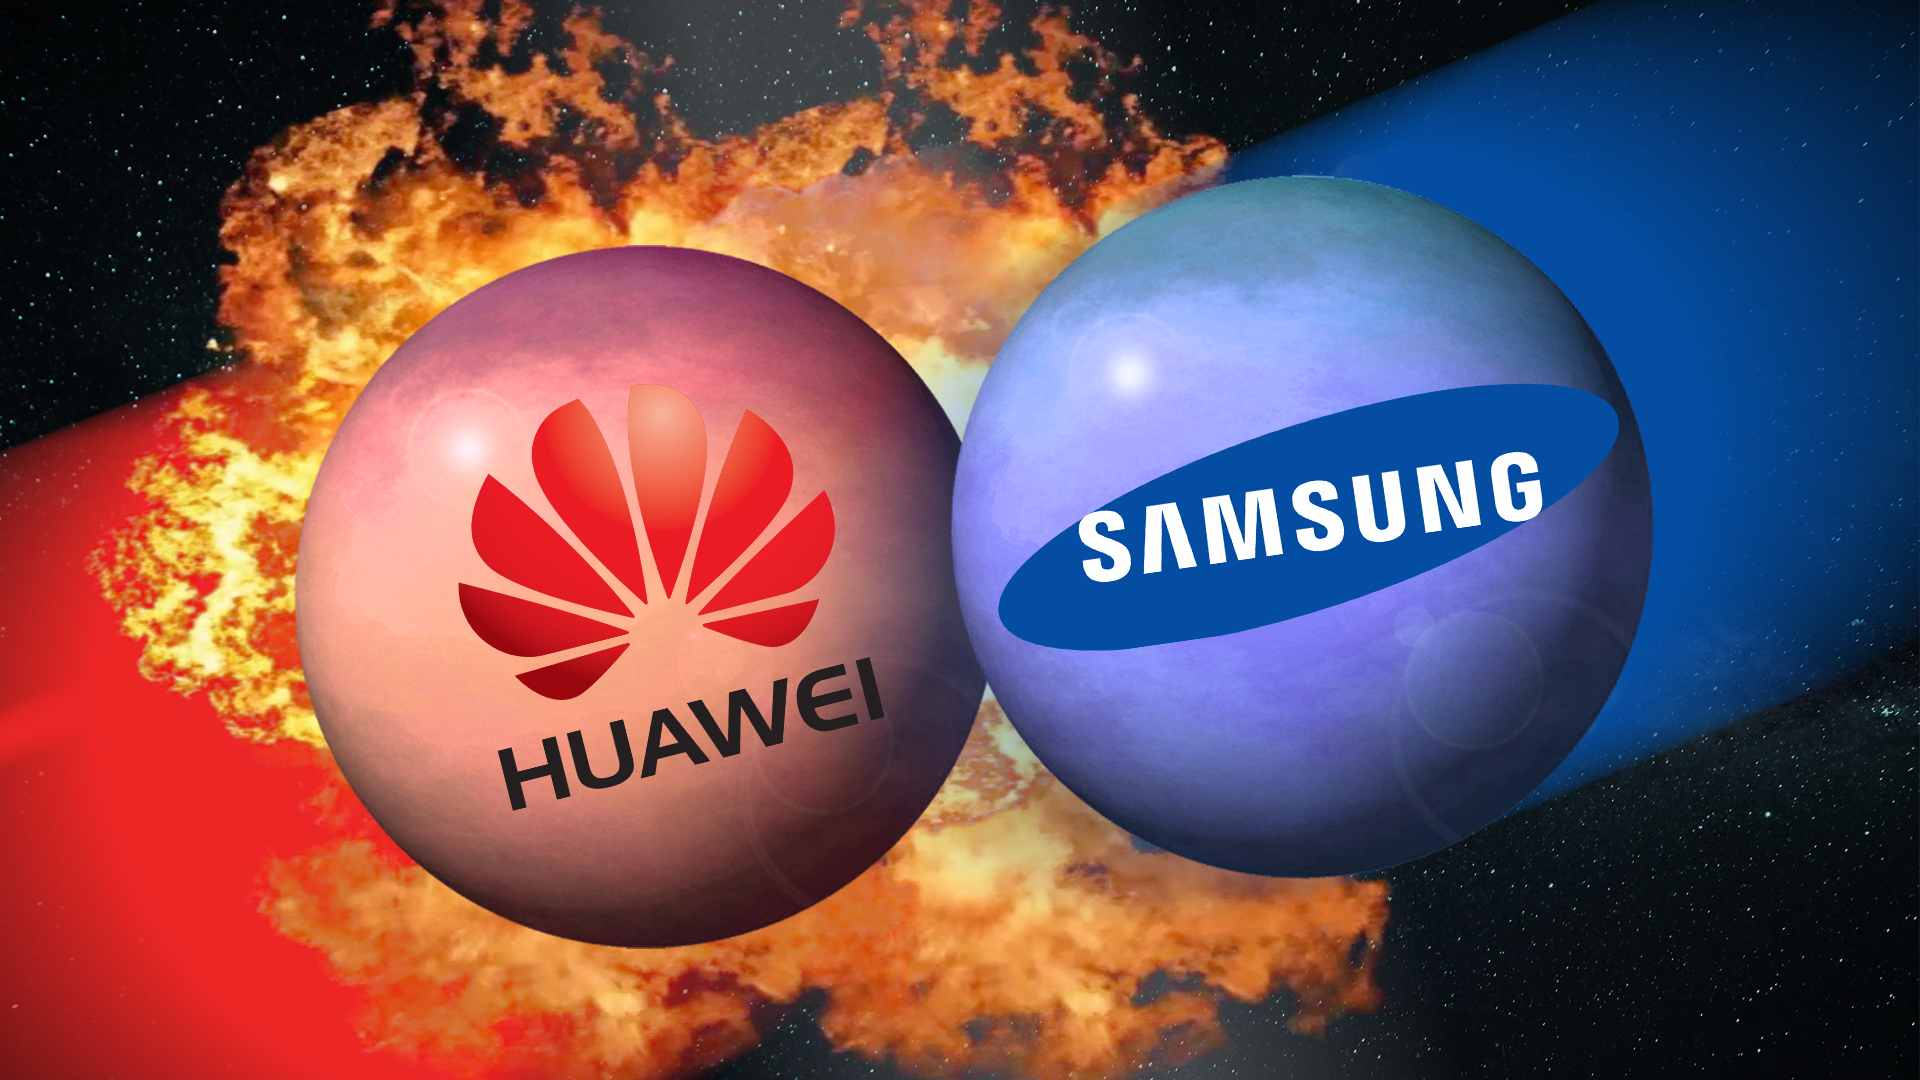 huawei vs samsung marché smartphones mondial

┄┄┄┄┄┄┄┄┄┄

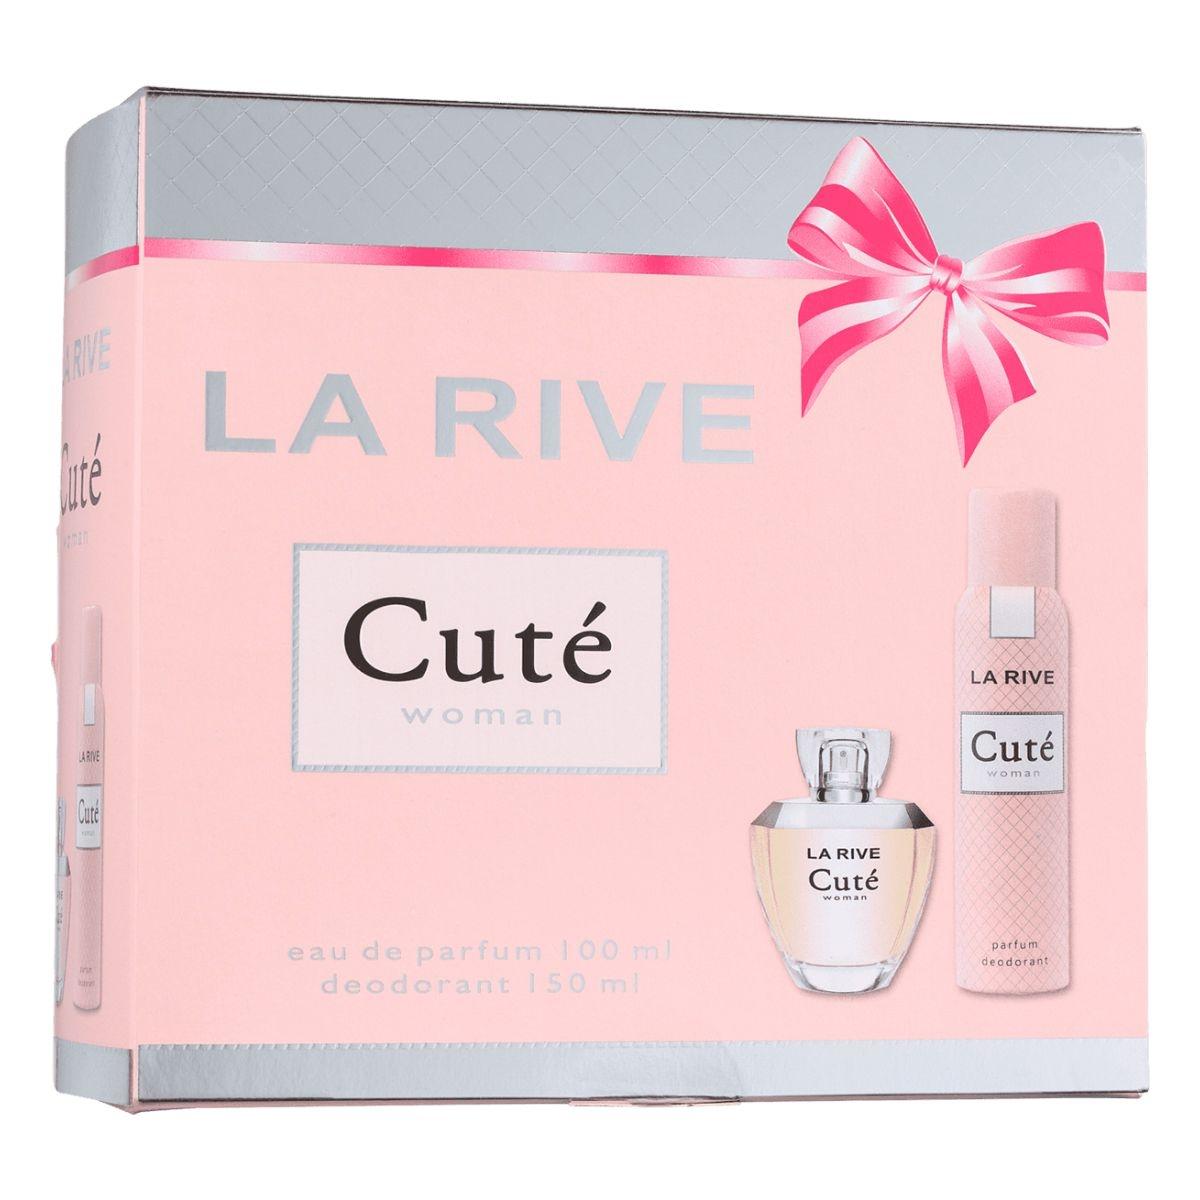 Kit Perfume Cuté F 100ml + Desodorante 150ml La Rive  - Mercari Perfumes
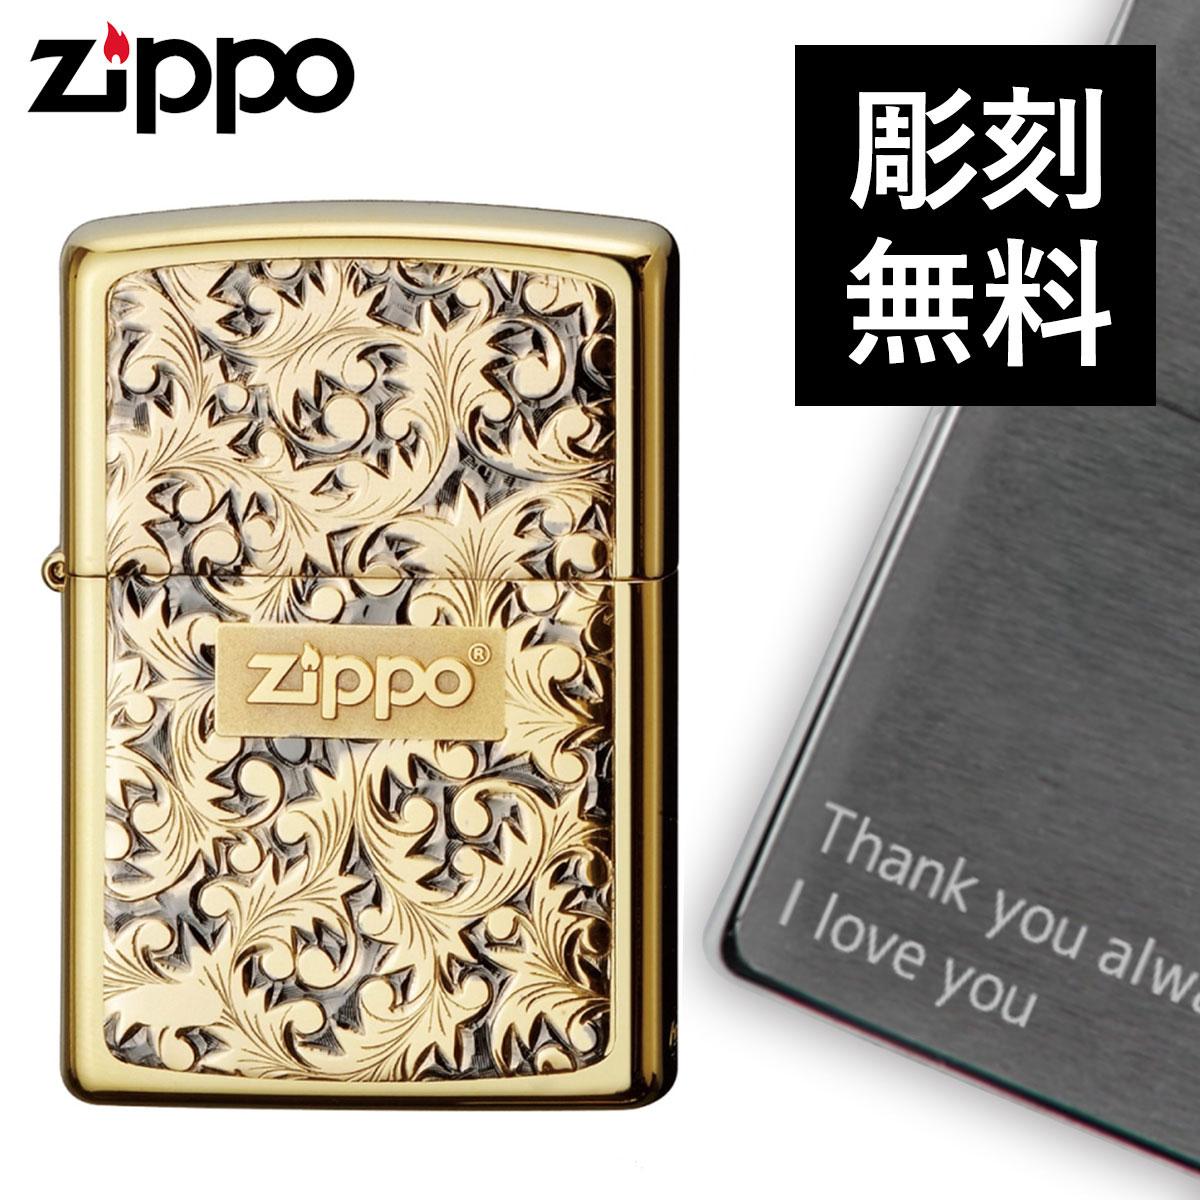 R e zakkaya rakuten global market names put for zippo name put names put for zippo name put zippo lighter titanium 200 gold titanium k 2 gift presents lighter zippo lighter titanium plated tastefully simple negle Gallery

┄┄┄┄┄┄┄┄┄┄

**WHAT THIS TASK INVOLVES**. The lines to copy exactly start with the line above that has "Kit Perfume Cuté" and go on through the line that has "R e zakkaya"; please include both, add nothing else, and omit the pictures.

**SOLUTION**.
 Kit Perfume Cuté F 100ml + Desodorante 150ml La Rive  - Mercari Perfumes
 R e zakkaya rakuten global market names put for zippo name put names put for zippo name put zippo lighter titanium 200 gold titanium k 2 gift presents lighter zippo lighter titanium plated tastefully simple negle Gallery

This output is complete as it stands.